On this theory, if Congress had enacted a “stand by your ad” requirement, it could have passed a law compelling organizations to state either that the candidate approved the ad or that “the candidate whose committee paid for this ad chooses not to state whether she approved it.”  The applications are arguably limitless and a little disturbing.  The kind of “nudge” this proposal envisions has the government disseminating its opinion of lawful disclosure policies that groups may adopt—equipping the government with an editorial function.  Putting the government on this path  stands little chance of helping to resolve the stalemate in campaign finance law and policy.

In any event, why should Congress not have to consider on its merits each and every form of disclosure as it affects different organizations? Political committees registered under the FECA, 527s and 501(c)(4)s do not all share the same purposes or engage in the same activities; not all of them have the same intent or effect in influencing voter choice under the terms of standing statutory or constitutional law. While  Gerken et al express confidence that disclosure is “constitutional,” they understate the doctrinal and practical complexity of applying disclosure requirements to various forms of speech financed by different types of organizations.  The continuing spat over what distinguishes “issues” advertising from campaign advertising has run on for years, with no sign of a generally accepted conclusion.  Perhaps the most challenging aspect of this proposal is the excuse it gives lawmakers to ignore the hard questions.

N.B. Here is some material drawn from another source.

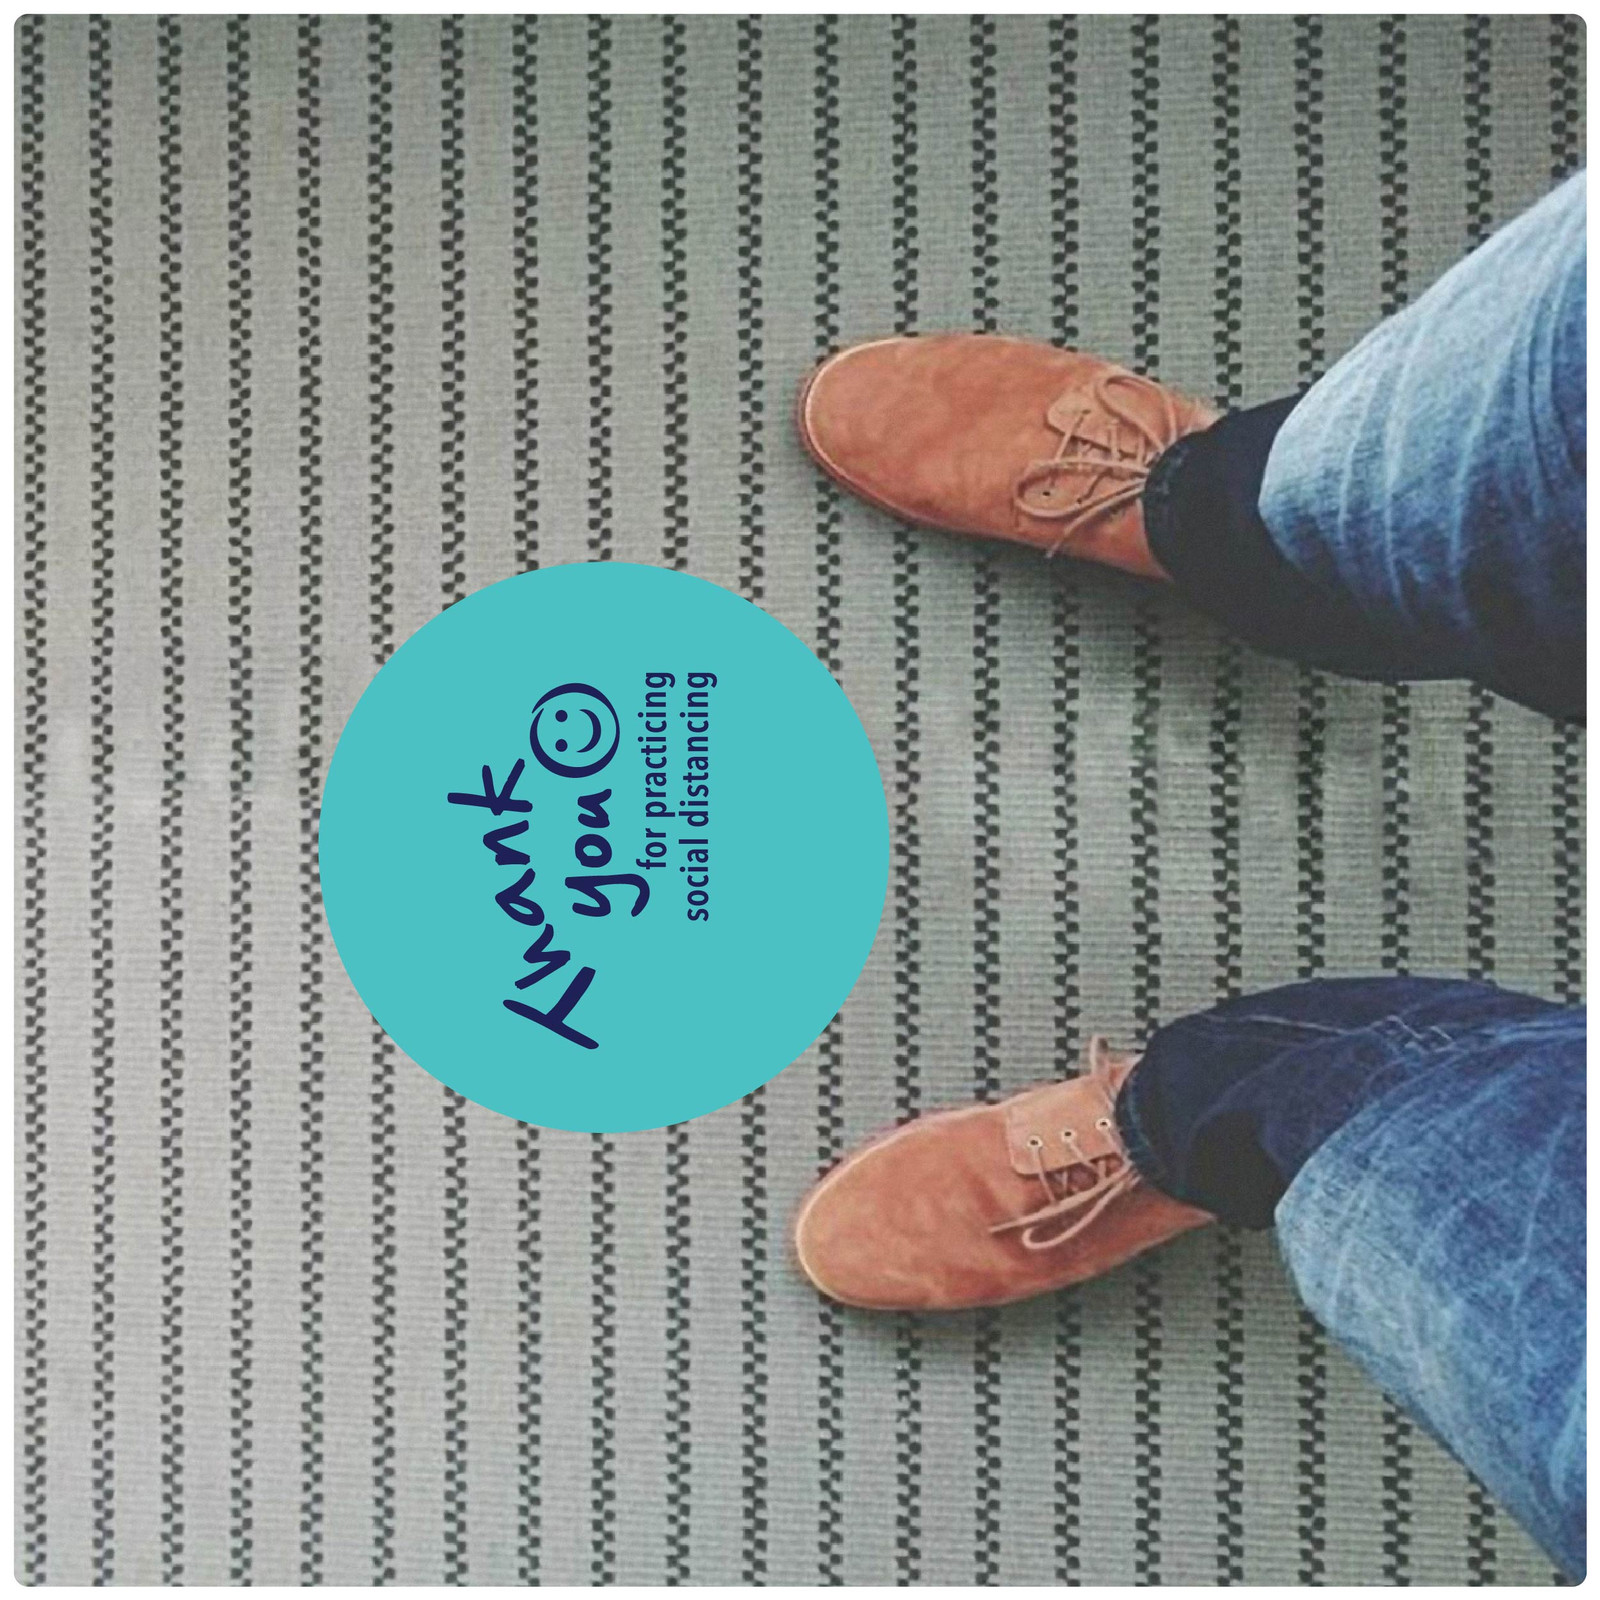 social distancing floor marker for carpet, photo, teal Self-adhesive Corona virus floor marker to help social distancing

Still, Gerken and her colleagues have offered fresh thinking on reform and, in this field, that is reason enough to appreciate the contribution and to welcome the debate it may inspire about solutions shaped by her concept of “harnessing politics to fix politics.”

Meanwhile, there is another proposal out of Yale, from Professors Ackerman and Ayres, that would establish special contribution limits, including no contribution allowance at all, for those with different interests in public policy.  They suggest a ban on contributions for donors who benefit from Congress’s retention of tax breaks for “carried interest,” and a limit on contributions for those who pay a lower rate of tax on their income than the average American worker. What to say about this? First that it is based on the existing “ban” on federal contractor contributions, but not at all persuasively, because that limitation is narrow in scope and provides individuals and organizations with interests in federal contracts various means of participating as donors in the federal electoral process. Second, that it is a constitutional dead end, and not just because of the current composition of the Supreme Court.